Calling women horrible names and not the man is just internalised mysogny. Why not call them both nasty names instead of directing 💩 soley at the female.
 
  • Like
  • Heart
Reactions: 12

DCICassieStuart

VIP Member
I haven't but a former friend of mine (knowingly) was 'the other woman'. She was in a serious relationship and the guy was in a long term relationship with a woman he had left his wife and 5 children for!
She left her partner, only to discover that he wouldn't leave his. Her partner took her back after 6 months. They have three kids together now and I'm absolutely convinced that there's no way in hell the middle one is his.
 
  • Wow
  • Like
Reactions: 12

Begborrowsteal

VIP Member
I have knowingly been the other woman. He had been married for 5 years & his wife was pregnant. All I can say is we worked together, I was infatuated with him & I completely lost my head.
He did leave his wife, we moved in together and within a month he had raped me & beaten me to a pulp, so I guess you can say I got my karma.
What followed was months of psychological abuse, stalking (not just of me but also of my family) & police involvement.
I am now happily married but always look back on that time with complete shame, disgust & anger at myself. The scars from that time will never leave me (physically as well as emotionally) & I can honestly say it changed who I am.
My husband knows the entire story & although my ex does come off looking the worst, I am entirely to blame too & for that I will never forgive myself.
He sounds so dangerous and clearly manipulative and deceptive. What you experienced wasnt karma, it was outright abuse. You should try and work on forgiving yourself because you shouldnt live with the guilt of his deception and abuse x
 
  • Heart
  • Like
Reactions: 12

Rita Chevrolet

VIP Member
Reading this thread it does make me believe that non-monogamy is probably better suited to some people than the monogamous norm that we are led to believe in.
Indeed. Its just as shame that the non-monogamous folks don't keep their antics between themselves with other like-minded souls rather than involve others who do not wish to join in their fun & games; It only ever ends in pain and anguish for somebody
 
  • Like
  • Heart
Reactions: 12

monga

VIP Member
Similarly I would assume that anyone blaming the ‘other woman’ has been cheated on & has anger/bitterness over it & doesn’t want to think there may be any more to it than the woman is a bitch who intended on destroying a family.
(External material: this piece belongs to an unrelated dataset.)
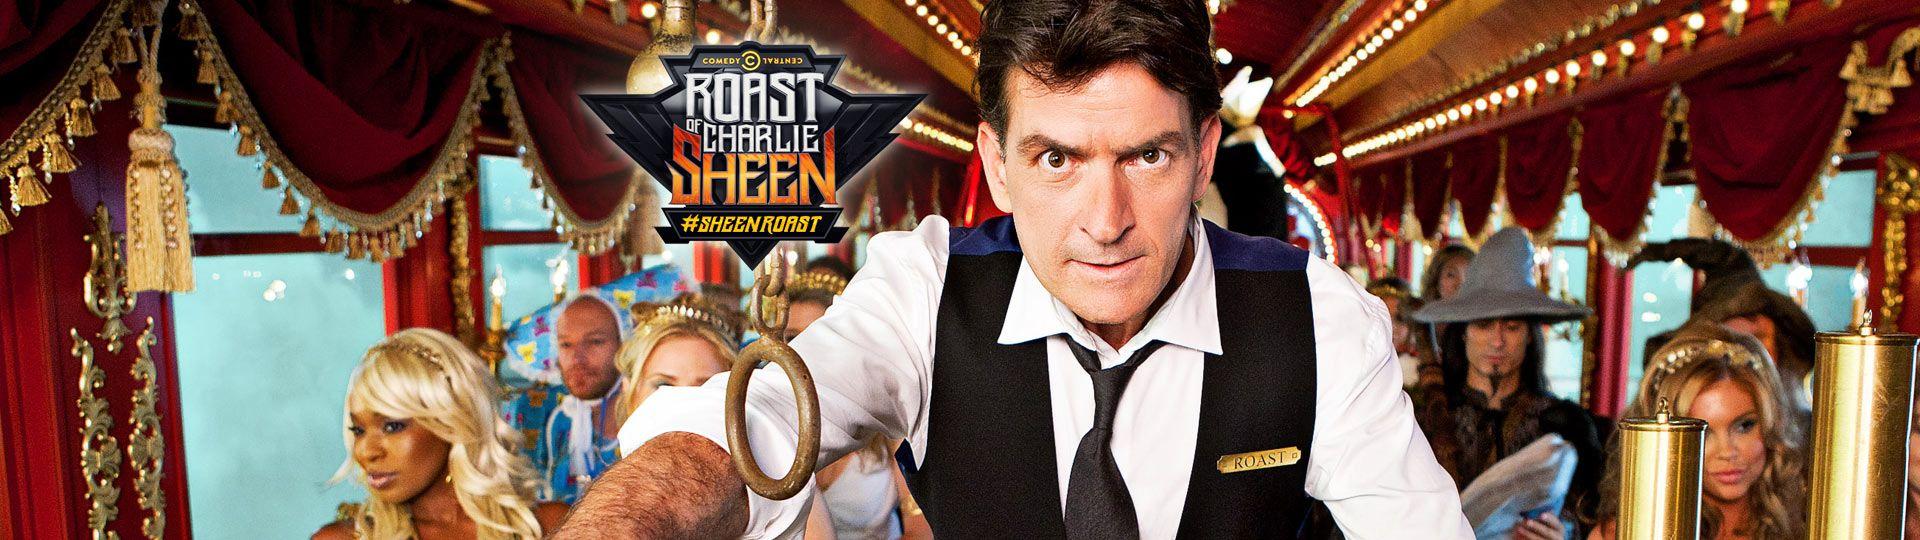 the roast of charlie sheen german download

As someone who has been the other woman, as I stated above, I cannot say in general whether I blame the man, woman or both. As others have said I think every case is different. What I will say is that seeing how my cheating with a married man ruined MY life more than either his or his wife’s, I am strongly against cheating now & have even fallen out with friends over their cheating. Kind of like an ex-smoker who becomes the biggest anti-smoker going!
I do understand however what it feels like when you’re in the middle of it & I know it’s not always as cut & dry as some people make out.
It’s definitely an interesting topic.
I think it's how you define a relationship ! for some it's only physical ,but for most people ( especially with children) the emotional aspect is paramount trust and stability is something a women assumes she has before she's brings a child into mix ,once that trust is broken it's hard to build again you leave yourself vulnerable, you say your life was ruined ? was that because you let your emotions take over ,just like his wife ? ...perfect example is Colleen Rooney was just reading about their new doc and love or hate her I think she's stood by her man out of love not money, if only he could show her the same respect and decency , not judging her but she's let him off the hook so many times she'll always be a doormat in his eyes.